Transcribe each of the records below exactly, excluding all pictures.
Top of Records supplied
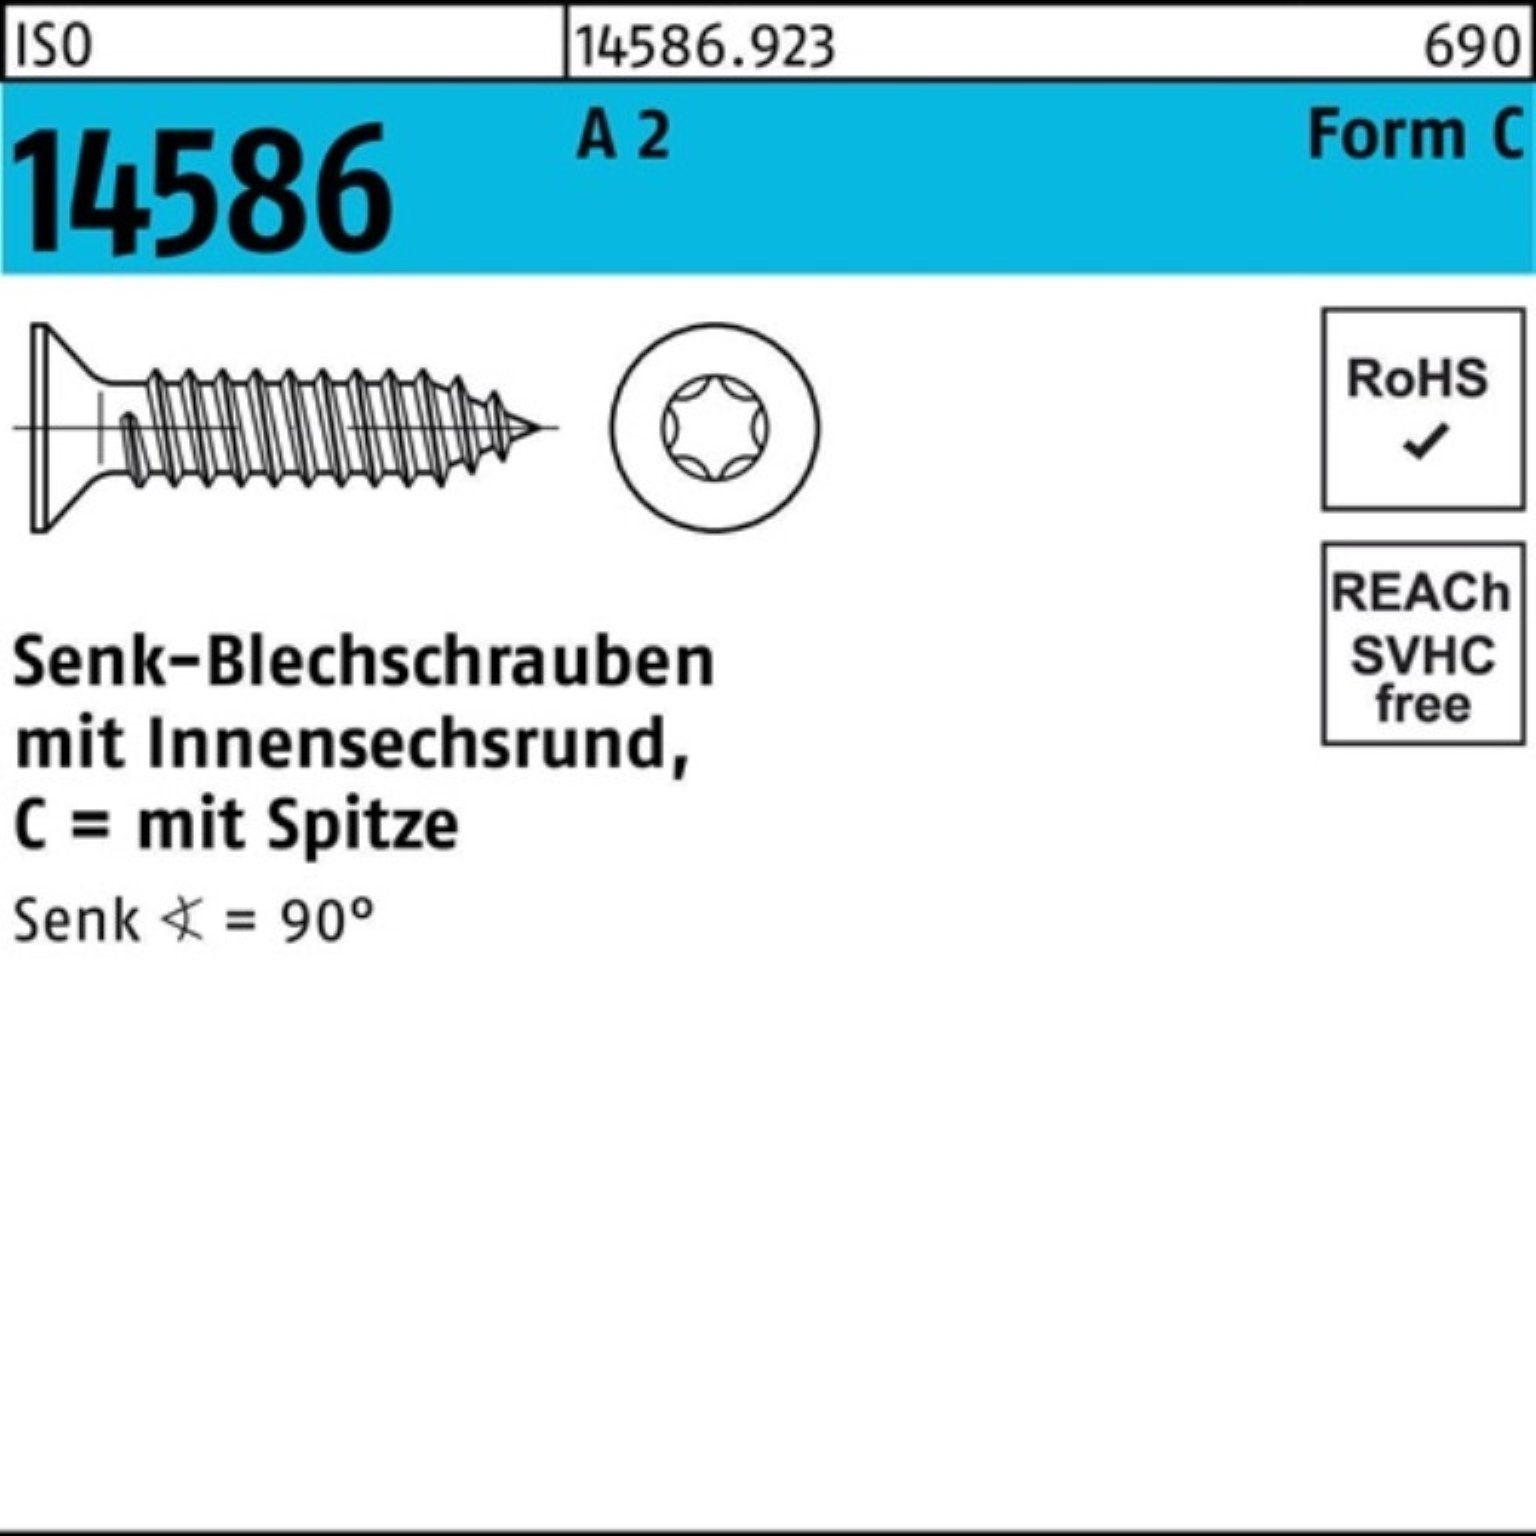 ISR/Spitze Pack 3,5x Reyher 14586 9,5 1000er 2 Schraube T15 A ISO Senkblechschraube -C
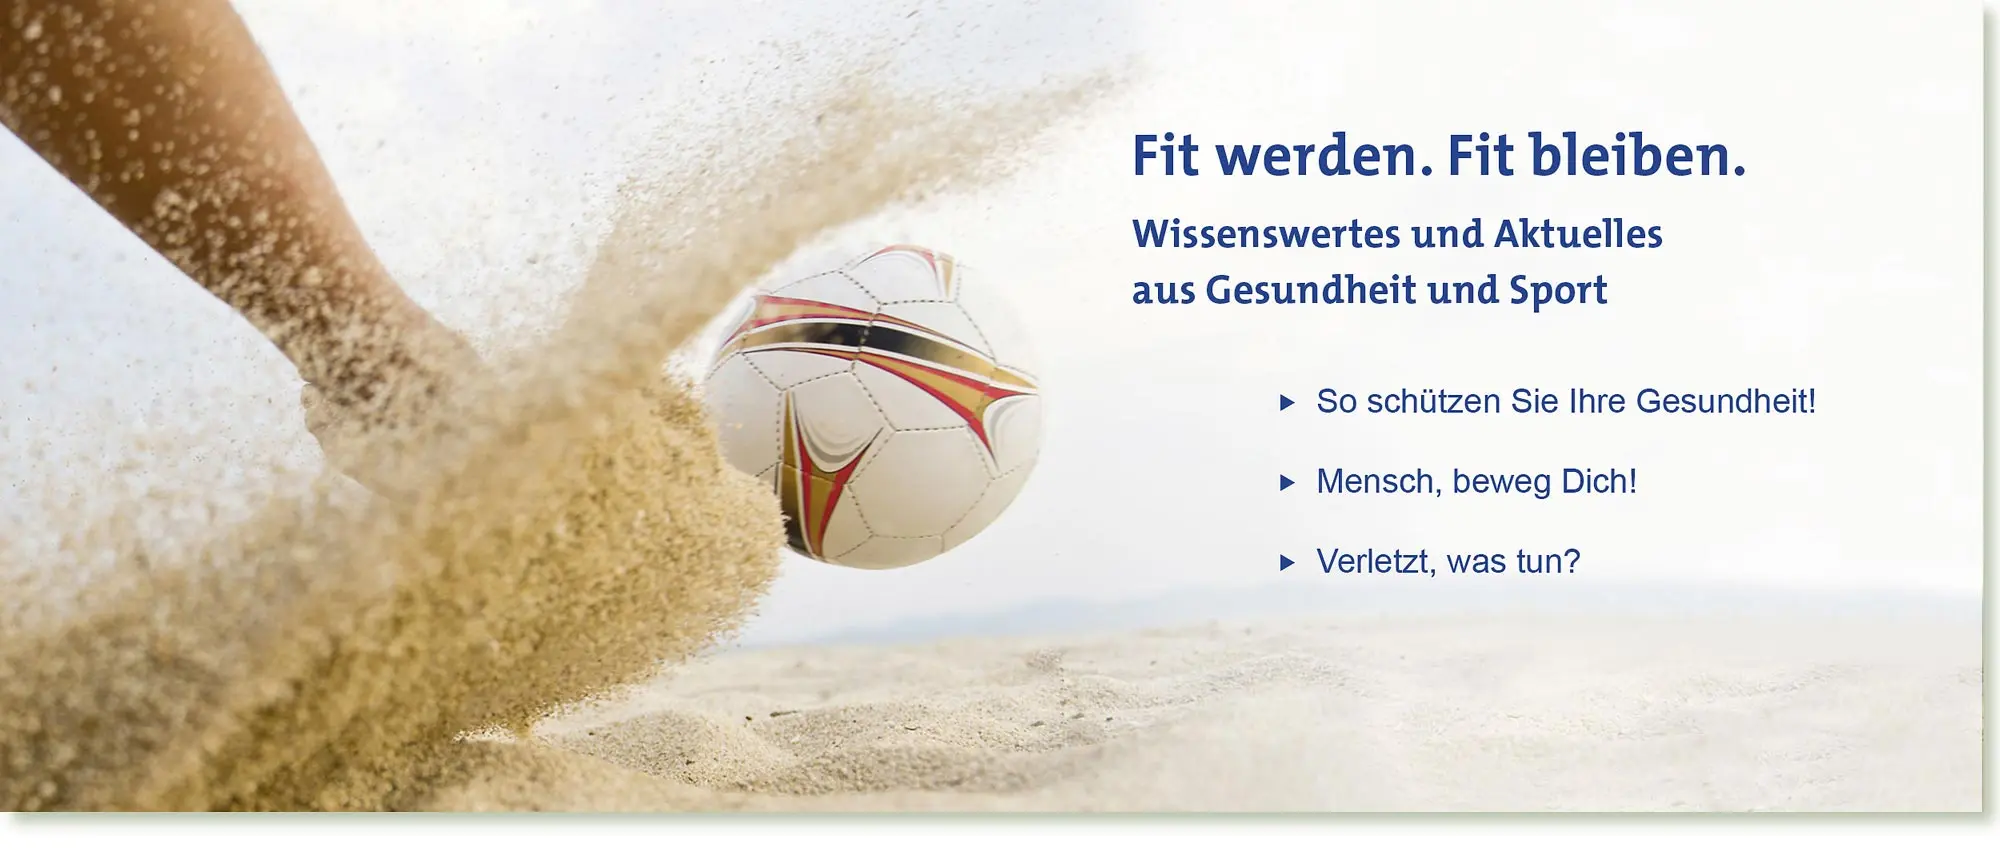 HeadImage | [formula] Müller-Wohlfahrt Gesundheit und Sport im Sommer
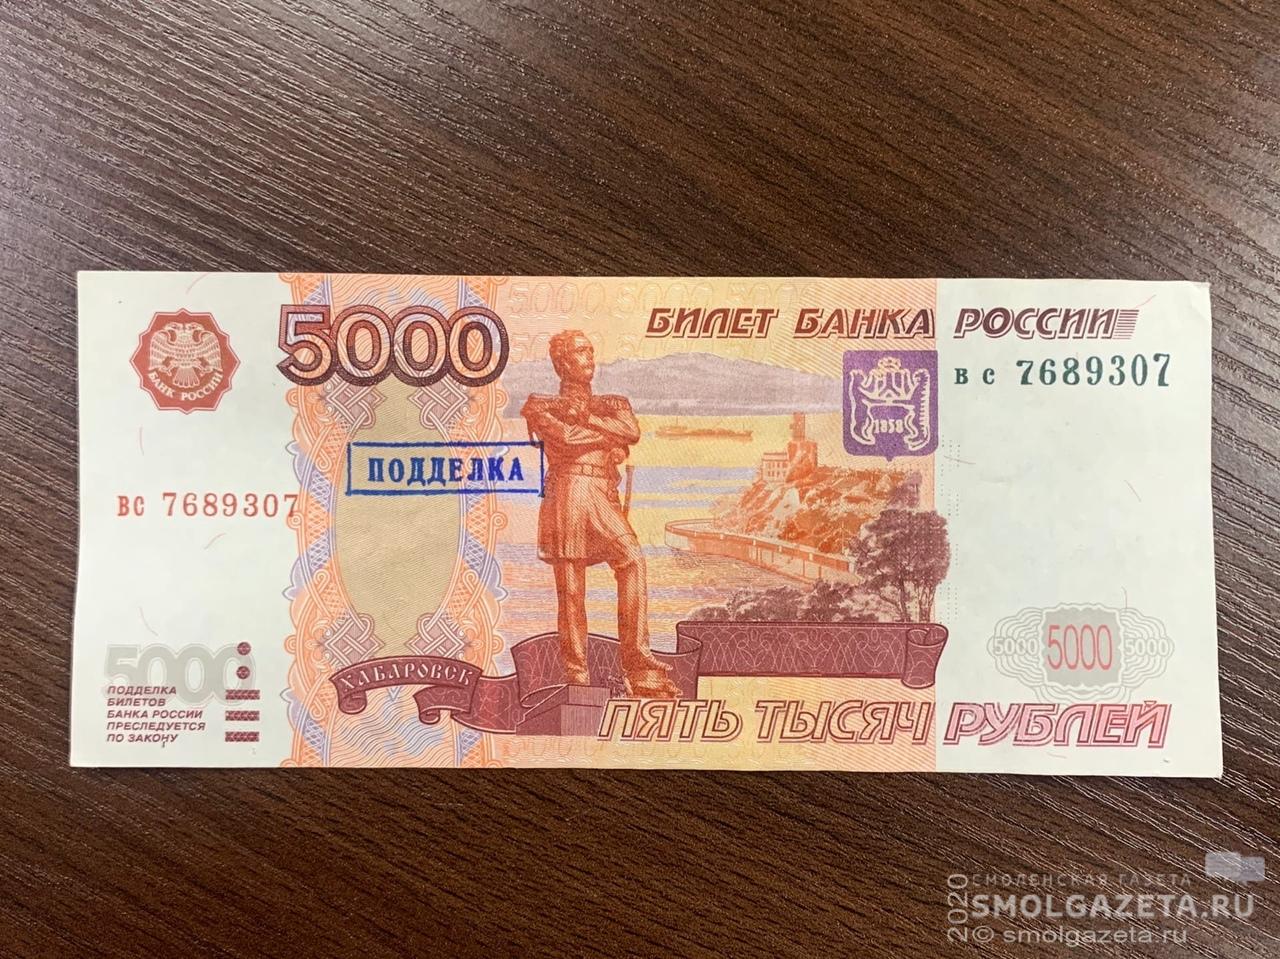 В банке Смоленска нашли поддельные деньги
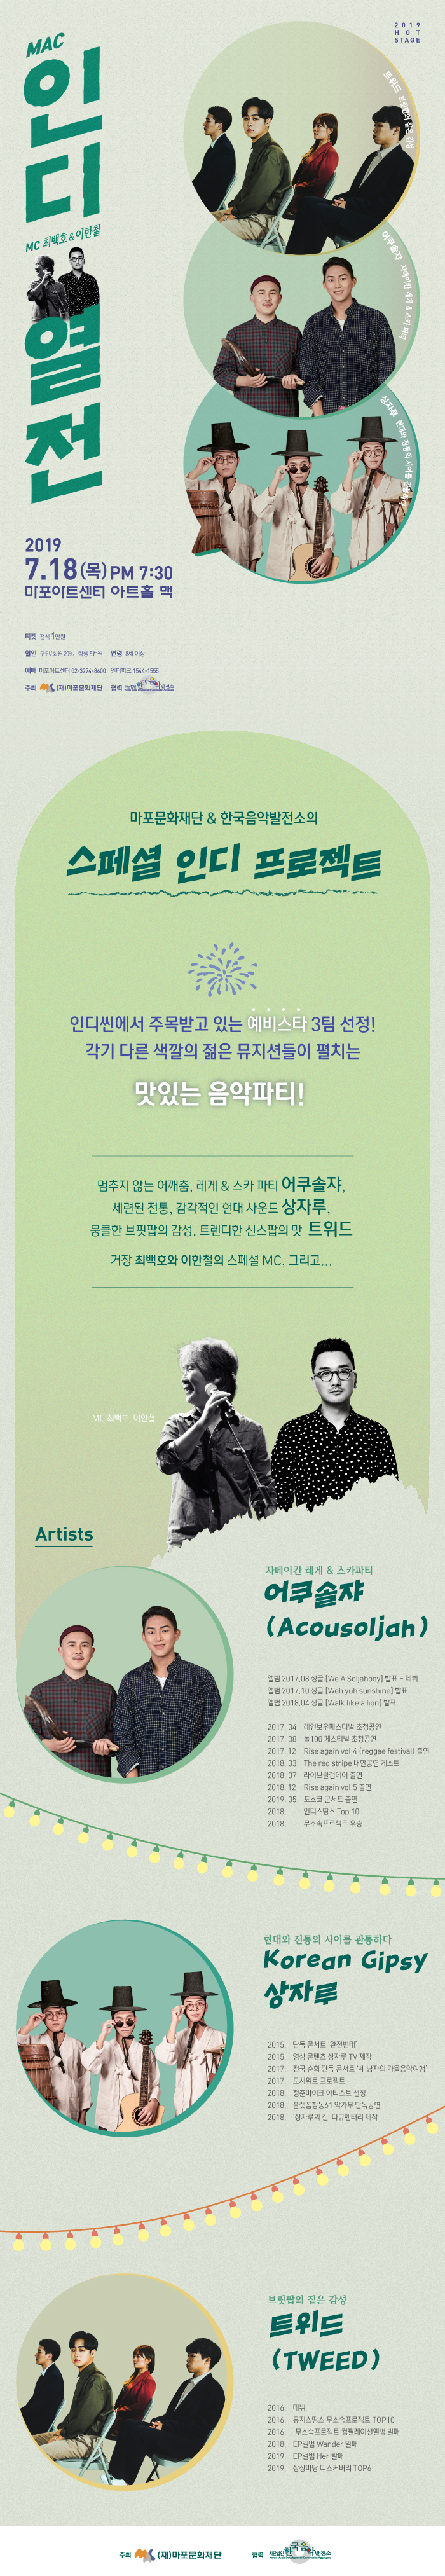 [이벤트] 거장 최백호의 MC로 즐기는 〈인디열전〉 무료 초청(19-0129)
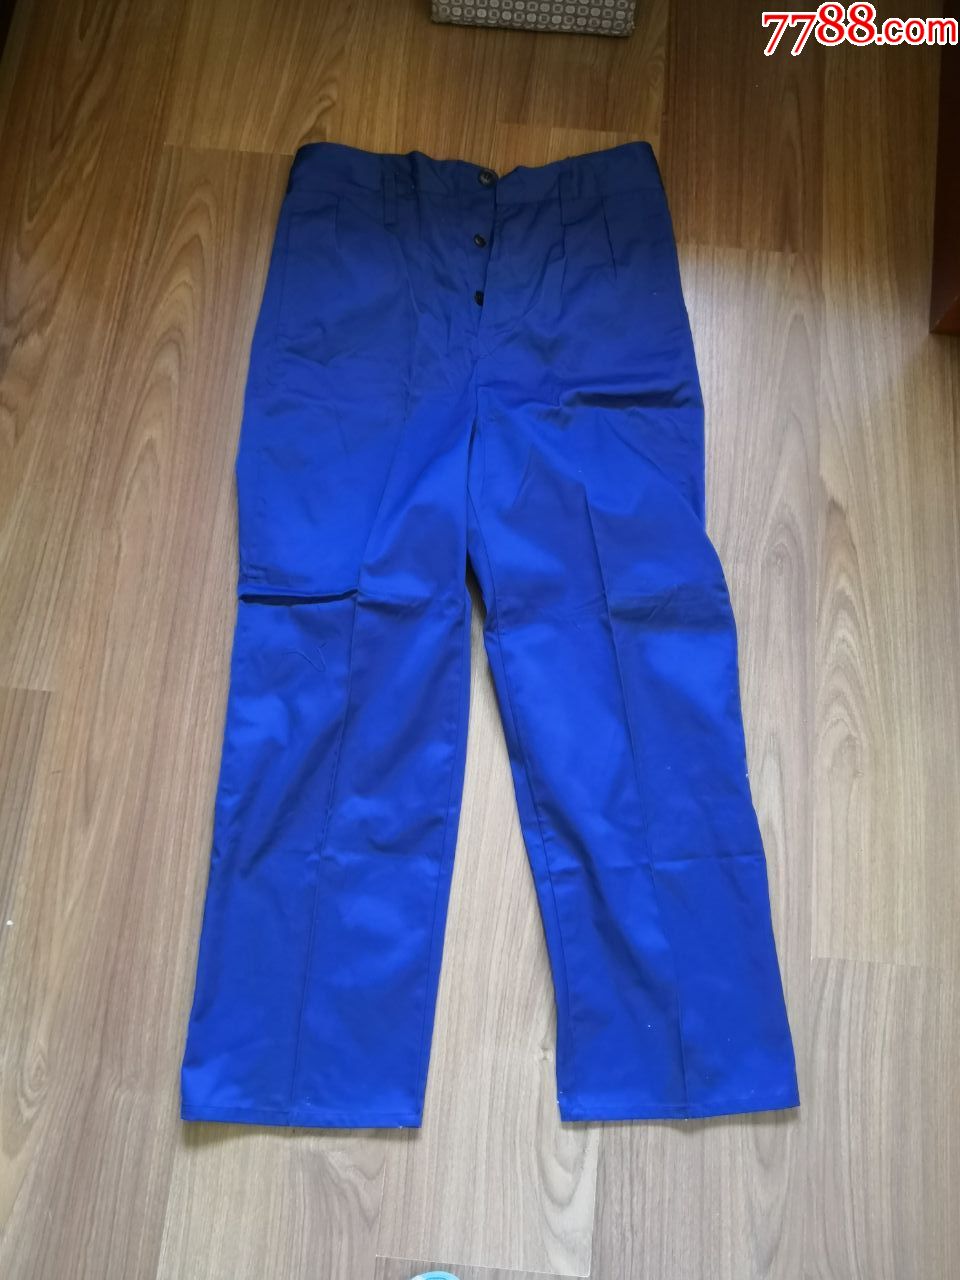 70年代老式蓝色运动裤图片
Bottom of Records supplied
**Output for this exercise:**
 ISR/Spitze Pack 3,5x Reyher 14586 9,5 1000er 2 Schraube T15 A ISO Senkblechschraube -C
 HeadImage | [formula] Müller-Wohlfahrt Gesundheit und Sport im Sommer
 В банке Смоленска нашли поддельные деньги
 [이벤트] 거장 최백호의 MC로 즐기는 〈인디열전〉 무료 초청(19-0129)
 70年代老式蓝色运动裤图片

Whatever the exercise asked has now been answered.